Our review has highlighted that while many of the concerns raised are not new, it is the pressures of the pandemic that has exposed them and demonstrated the lasting impact of these on people.

Since the start of the pandemic, there have been particular concerns that ‘do not attempt cardiopulmonary resuscitation’ (DNACPR) decisions were being applied to groups of people rather than taking into account each person’s individual circumstances. While we did not find there had been a national blanket approach to DNAPCR, there was undoubtably confusion at the outset of the pandemic and a sense that some providers felt under pressure to ensure DNACPR decisions were in place. This risks undermining public trust and confidence in the health and care system and demonstrates the need for better oversight of DNACPR decisions.

All the health and care professionals we spoke with recognised the importance of ensuring that conversations around advance care planning are carried out with kindness and compassion, in line with best practice and people’s human rights. But how well people were involved in conversations about their care and whether or not they wanted to receive cardiopulmonary resuscitation varied.

Some people experienced compassionate, person-centred care where they were fully involved in conversations, and their wishes were understood and their rights upheld. The impact on people when this did not happen was hugely distressing. In these cases, conversations took place at short notice and people did not fully understand what was happening or what a DNACPR was.

Having the time and information to talk about what care and support people want and need to have a dignified and peaceful death is essential. During the pandemic, clinicians, professionals and workers have faced additional challenges in having to hold conversations under pressure and often during emergency situations. A lack of training and support for staff, and how confident they were in holding these conversations, has impacted on the quality of people’s experiences.

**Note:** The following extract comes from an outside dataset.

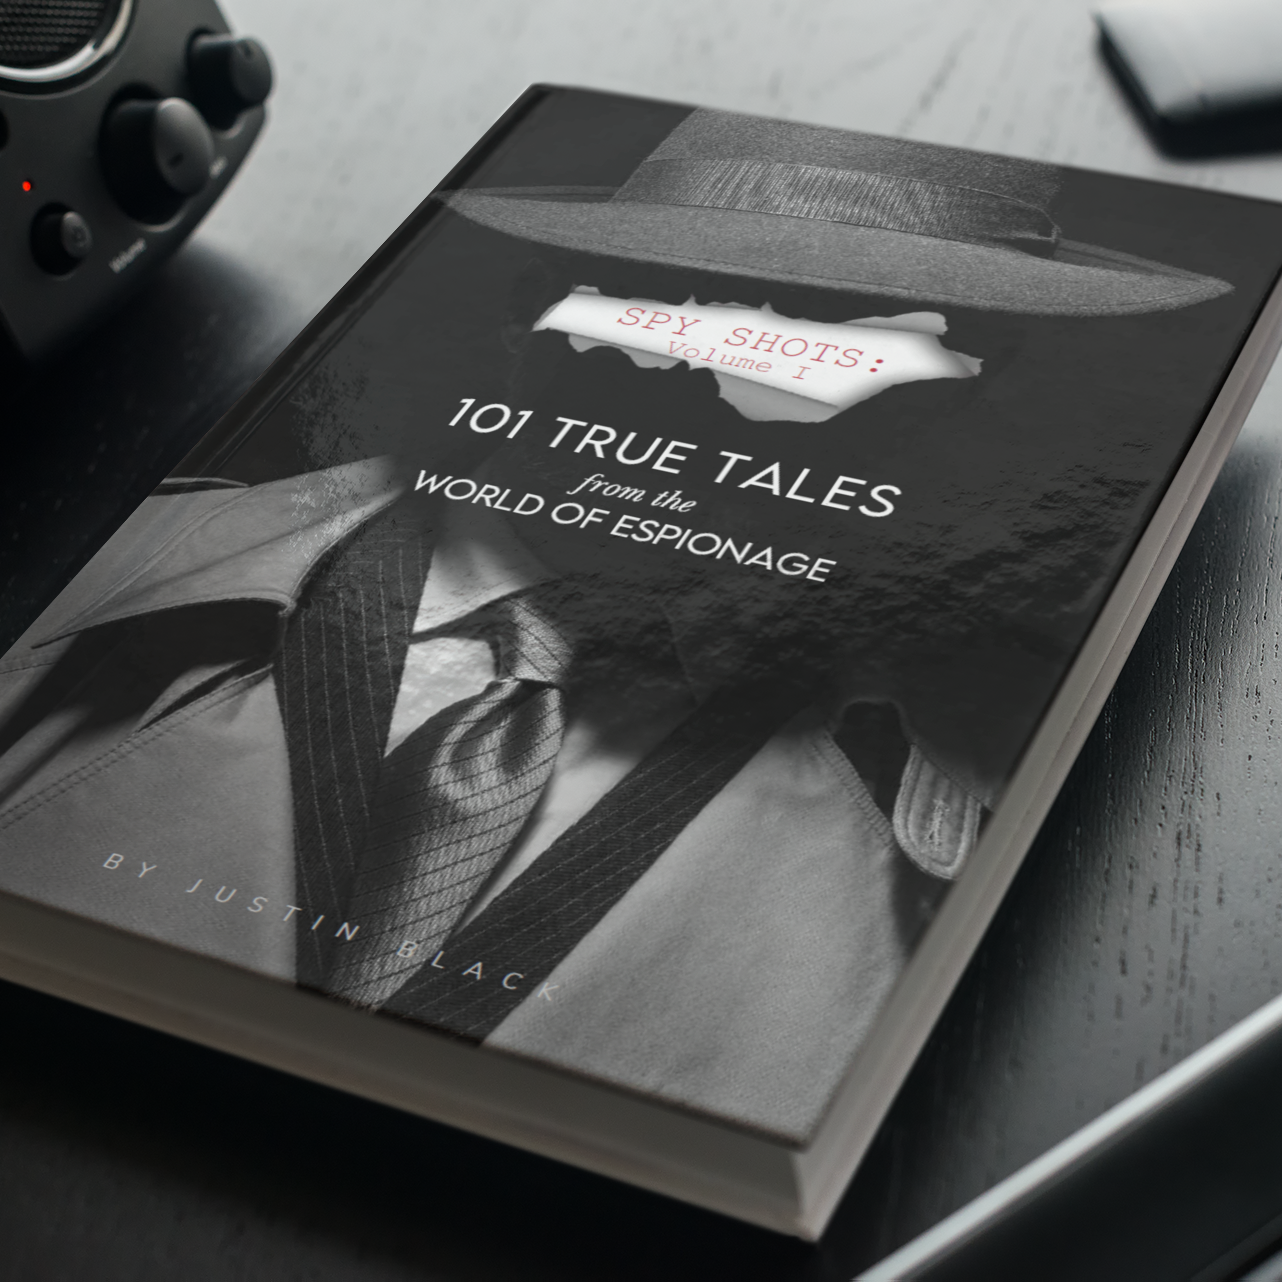 eBook - Spy Shots Volume I - 101 True Tales of Espionage

Being faced with unexpected conversations around DNACPR decisions, and having them at a time of crisis was made worse for people and their families and/or carers due to a lack of available accessible information. To ensure people are able to be fully involved in these conversations, there needs to be a consistent approach in the language used and the way that advance care planning and DNACPR decisions are talked about. This needs to be supported by greater awareness of their rights under the Human Rights Act 1998 and the Equality Act 2010.

As the independent regulator of health and adult social care services, we are committed to reducing inequalities, eliminating discrimination, advancing equality, and protecting human rights. With an expectation for people to be at the centre of their care, we will continue to improve our monitoring and oversight of DNACPR decisions, including whether these are carried out in a safe way that protects people's human rights.

Recommendations

DNACPR decisions need to be recognised as part of wider conversations about advance care planning and end of life care, and these decisions need to be made in a safe way that protects people's human rights.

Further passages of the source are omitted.